Cyber liability insurance: Do clients know the cost of ignoring it?
By Justin R. Brown
So what does cyber liability insurance cover? Each insurer does things a bit differently, but here are the six key coverage areas that seem to be consistent from company to company.
It seems you can’t pick up a newspaper today without reading about yet another organization’s computer system getting attacked. It is happening to banks, retailers, businesses of all sizes and even nonprofits. Sometimes the crime is committed by a hacker who has broken into a company’s computer system and illegally accessed private data about clients, employees and donors. Sometimes private data is compromised when an employee’s laptop is lost or stolen.
No matter what the cause, your clients and prospects need to know that the best way to protect themselves from an attack labeled as a cyber crime is with cyber insurance. The product offers protection from exposures found online, taking into account first- and third-party risks.
First-party risks pay to help the insured recover from a covered claim or failure of security. Third-party risks cover losses resulting from breaches in network security or unauthorized access events. It is important to point out that cyber insurance is necessary in this day and age, as the standard property and liability insurance policies that most companies carry will not cover losses attributed to cyber crime.
So what does cyber liability insurance cover? Each insurer does things a bit differently, but here are the six key coverage areas that seem to be consistent from company to company:
Business interruption: If a business lost revenue due to a short-term or long-term shutdown caused by a cyber attack, the insurance policy will reimburse the company for its losses.
Data loss and system damage: While standard policies will cover the cost of replacing a machine if it is lost or stolen, companies will not be reimbursed for the lost data. Cyber insurance, however, will cover the cost of those losses. Notification expense: Companies must notify customers, vendors and others of the possibility their private information has been compromised. Typically, a company will offer to cover the cost of credit monitoring for a set period of time.
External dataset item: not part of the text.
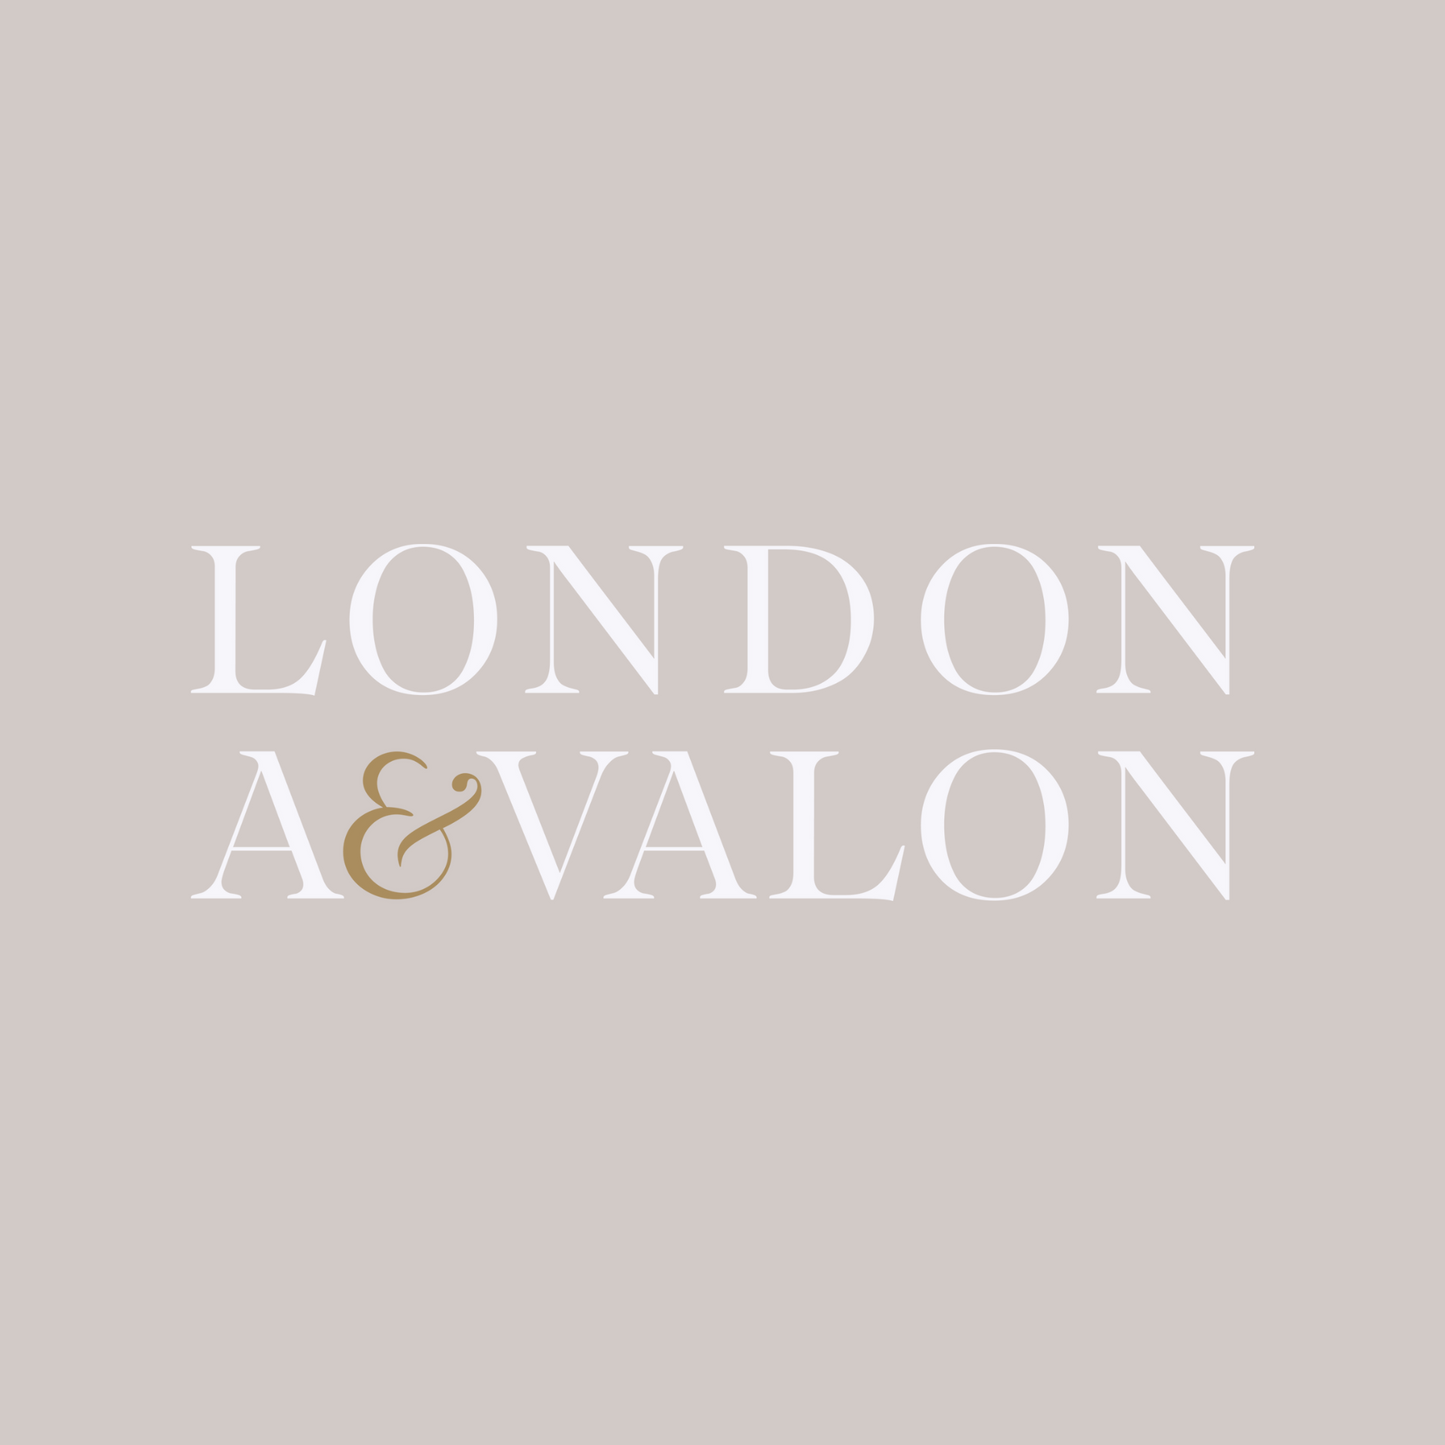 Would you like to add embroidered initials? - London and Avalon

Content liability: This coverage protects the company from claims filed for everything from slander to invasion of privacy if the content on a blog or website is compromised.
PR/crisis management: Your client may need to hire a PR firm to do some crisis management to protect their brand in the aftermath of a breach that has compromised the security of customer and vendor information.
Regulatory, forensic and investigation expense: With new notification laws enacted and privacy legislation constantly changing, your client could end up being contacted by a government official who wants to do an investigation. Cyber insurance will cover the costs involved.
The cost of a policy will vary based on the type of business, the sensitivity of the data in your client’s possession, the controls in place and the limits of coverage they select. Premiums can be as low as $1,500 or as high as a few hundred thousand dollars per year. There are no limits to the amount of coverage a company can purchase. Considering the Cost of Cyber Crime study done last year by the Ponemon Institute, an independent research firm, found that the costs of cyber crime range from $1.5 million to $36.5 million per company, that’s a bargain.